--- PROBLEM TO SOLVE ---
Records follow. Print exactly the lines from the one that has "retro bulls shirt" through the one that has "Knight Rider TV", inclusive, and omit the pictures.

--- MATERIAL TO PROCESS ---
--- START ---

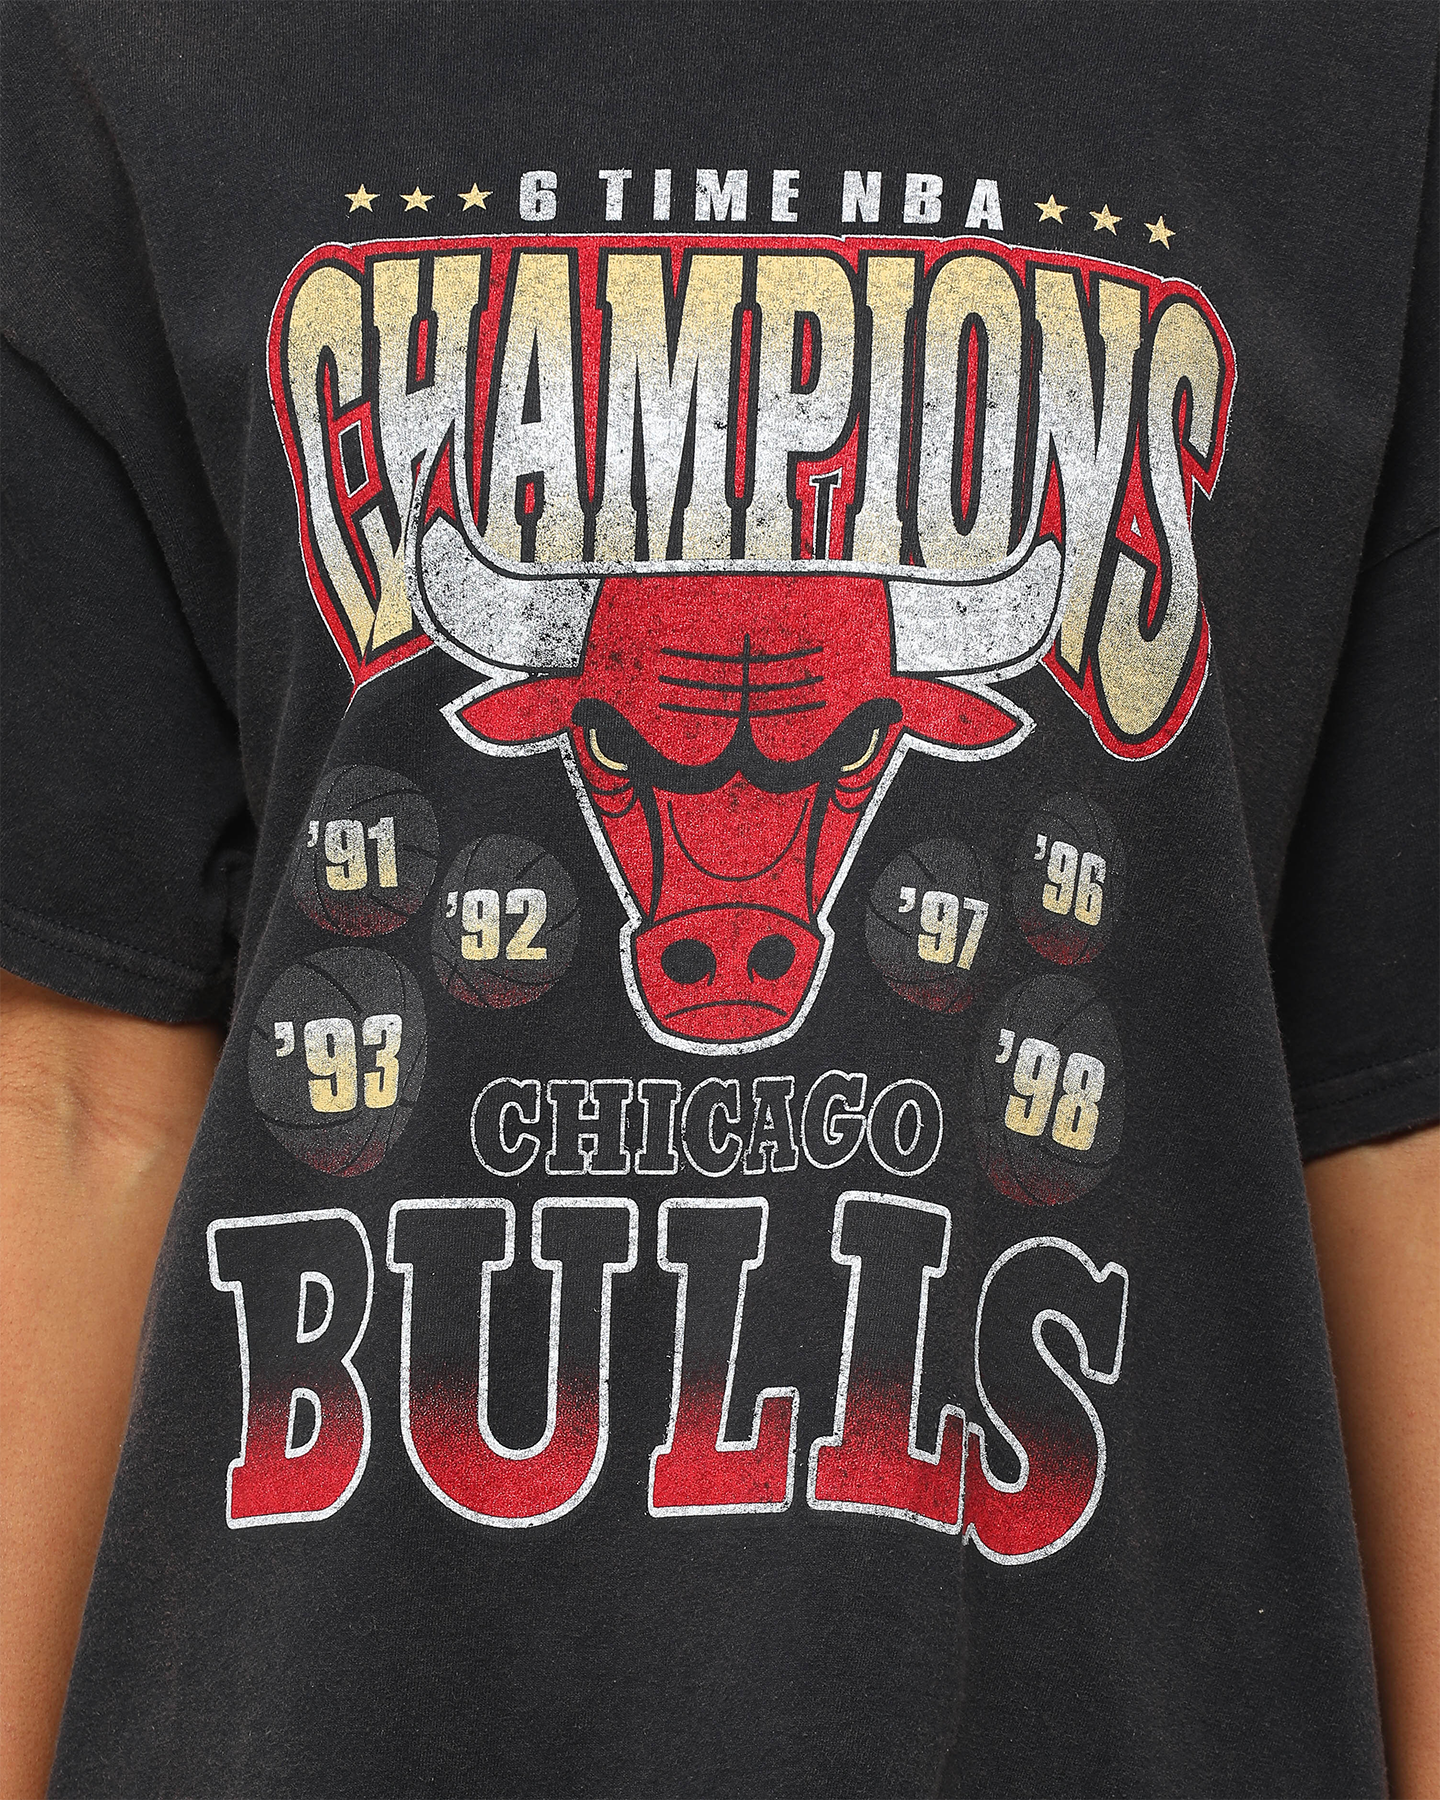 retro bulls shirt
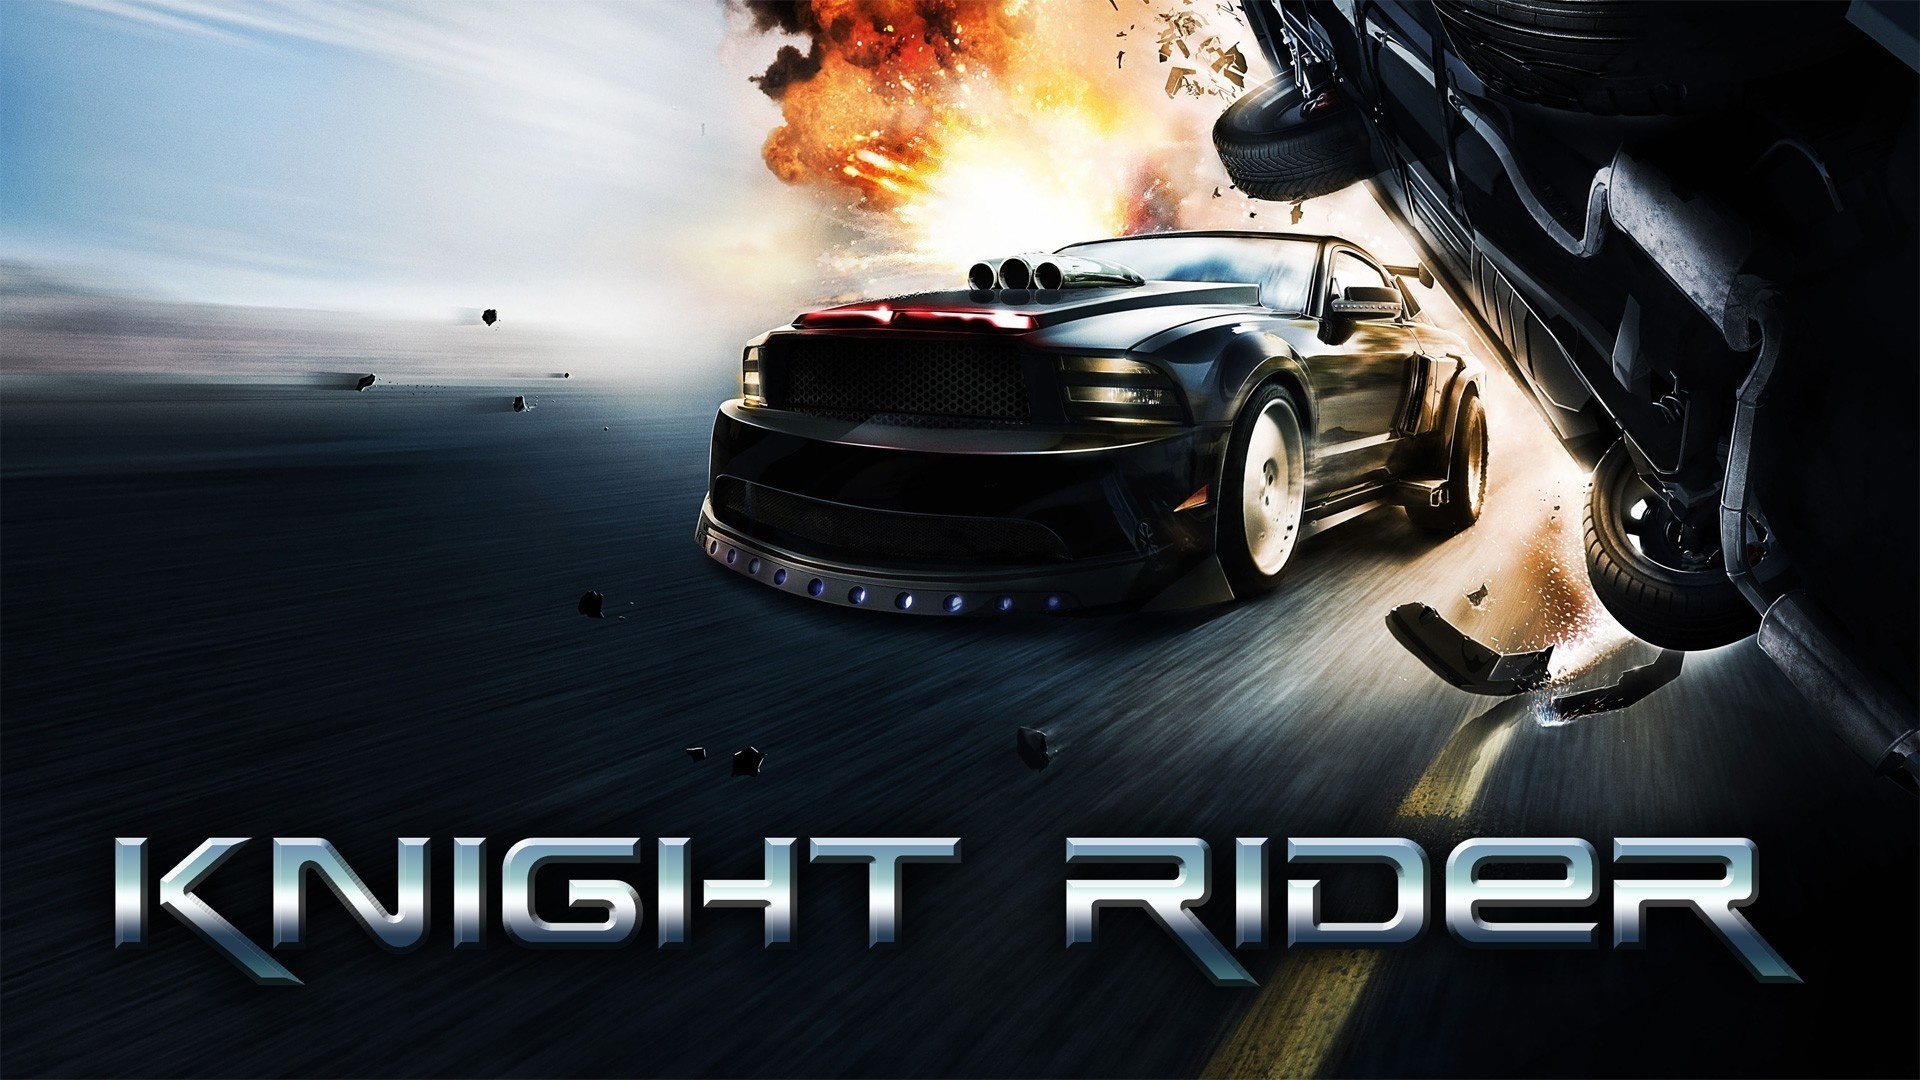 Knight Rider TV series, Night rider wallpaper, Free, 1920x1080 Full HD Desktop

--- END ---
--- START ---

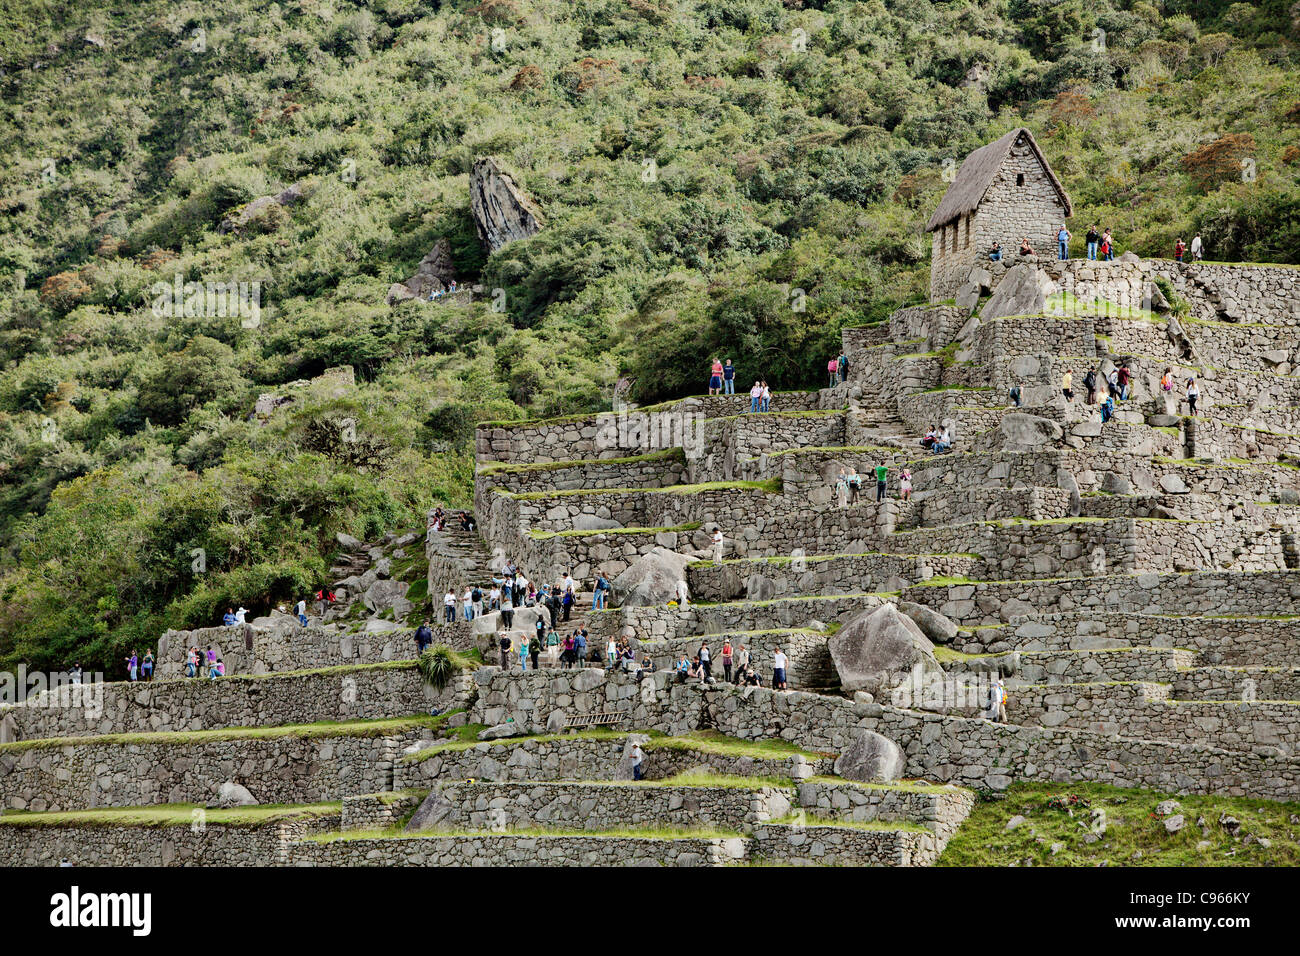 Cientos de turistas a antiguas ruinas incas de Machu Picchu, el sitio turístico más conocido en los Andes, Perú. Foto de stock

--- END ---

--- SOLVED PROBLEM ---
 retro bulls shirt
 Knight Rider TV series, Night rider wallpaper, Free, 1920x1080 Full HD Desktop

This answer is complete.